Озеру, закованному в льды, хотелось дышать. Ему помогали полыньи и незамерзающие ручьевины. Но больше всего выручали рыбацкие проруби – молочный пар окутывал ветки, опущенные в лунки, и сосульчато, с налётом инея, застывал на них, словно на мужицкой бороде в лютый холод.

Но не вечен зимний полон. На Сретенье зима встречалась с весною, а там и чёрный, как головешка, грач подоспевал…

Вспухнет, посинеет материк озера и под напором полой воды треснет так, как будто подводный богатырь подпер плечом, да и вытолкнул навстречу пристальному солнцу ледяную преграду.

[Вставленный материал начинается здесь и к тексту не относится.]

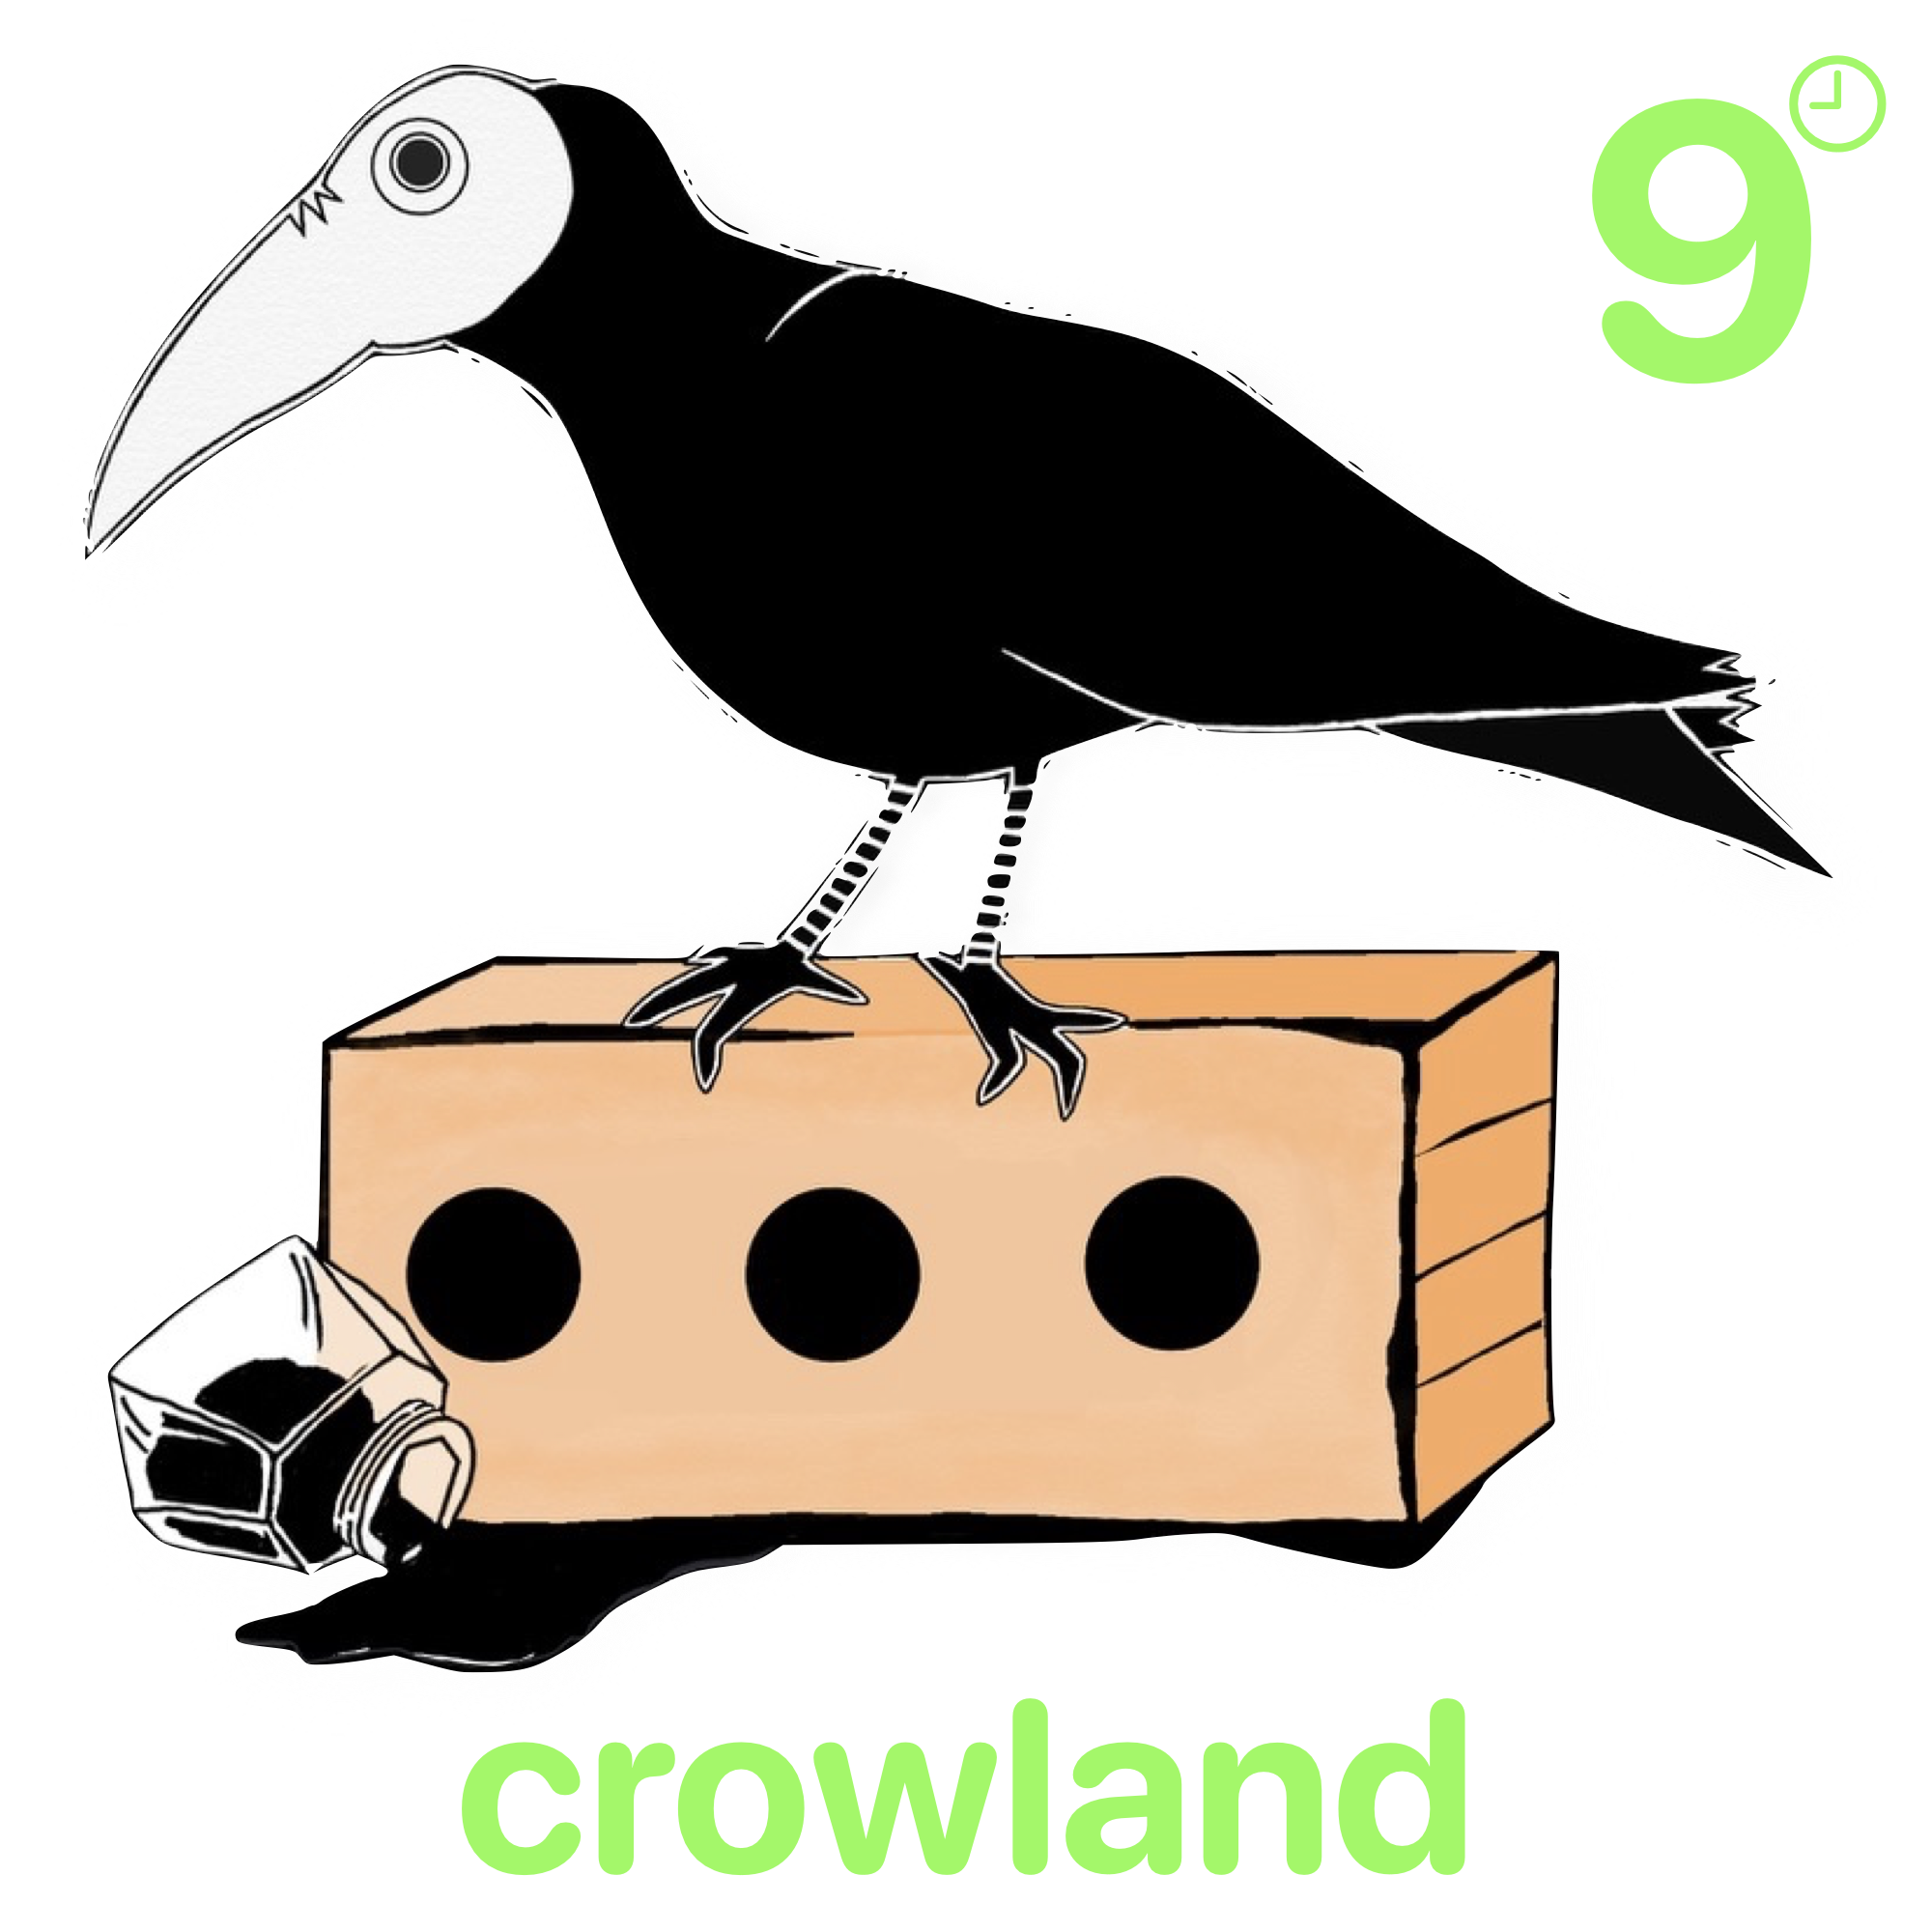 9 O’Clock Nasty – “Crowland”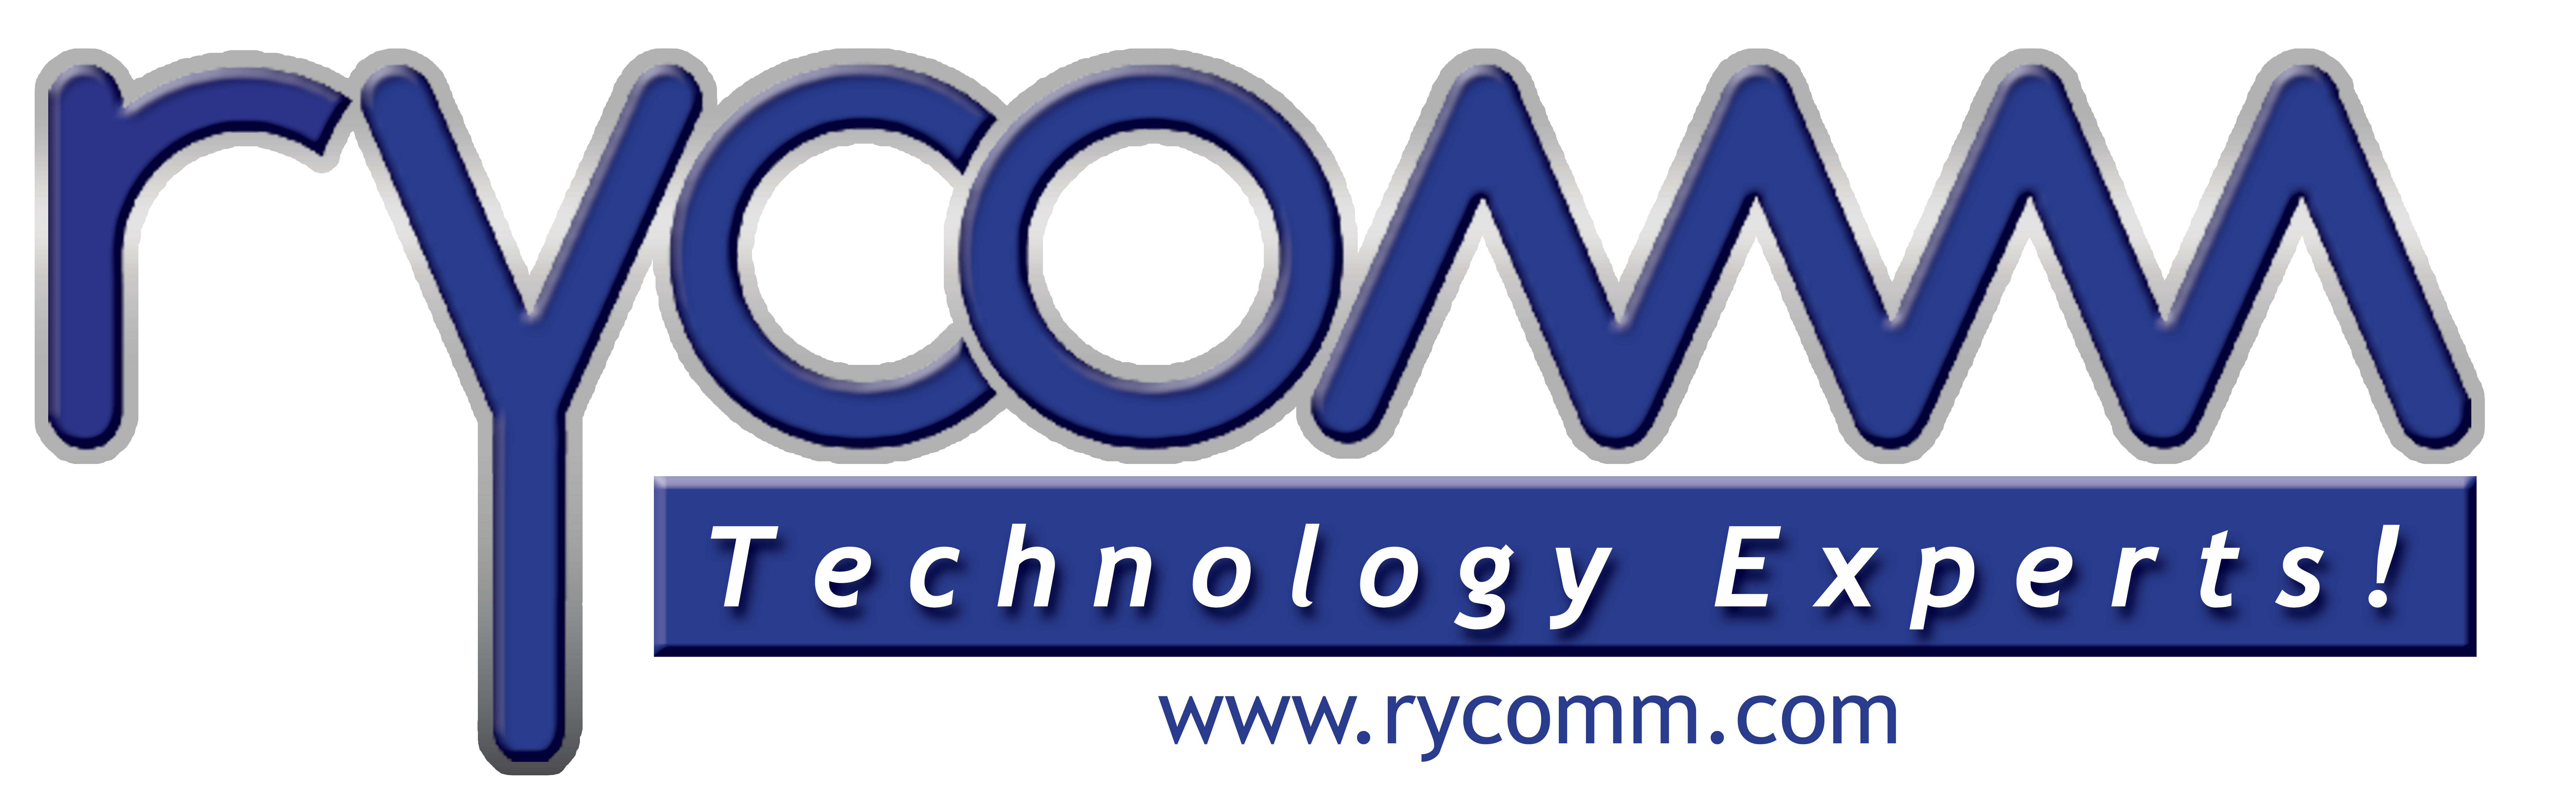 RYCOMM Technology Experts

После зимней спячки придут в себя караси. Глотая сладкий воздух, они выберутся из своих спасительных ям, из вязкой тины и, очищая грязные бока в осоке, направятся к своим кормным местам возле ручьевин. А вечная гроза карасей – зубастые щуки потянутся к тёплым затонам, чтобы оставить в затопленных кустарниках и подводных травах золотистые нити икринок.

Откроется озеро и гомонливым птицам прилётным. Царственные лебеди, мерно махая белоснежными крылами, прокричат озеру приветное: “Клинг-клинг, клинг-клинг”. Упадут на воду серой тучей гуси-гуменники, собьются в живой, копошащийся, словно муравейник, островок, пожируют вдоволь и отправятся дальше, в свои любимые севера. А тут и стаи уток и свиязи подоспеют – с кряканьем и свистом пронесутся над неузнаваемым по весне озером, выискивая старые гнездовья и присады. Неприметная серая утица в камышовой гущаре заголосит громко, подзывая к себе разнаряженного в пух и прах ревнивца-жениха.

Скромные зимние краски обернутся настоящим пиршеством цвета. Засинеют сосны и ели. Заневестятся белоствольные берёзы, набросив на себя лиловато-розовую фату. Гибкую иву облепят пухлые, в золотистой пыльце серёжки. На зеленовато-матовых побегах вербы появятся серебристые, мягкие, как плюш, почки.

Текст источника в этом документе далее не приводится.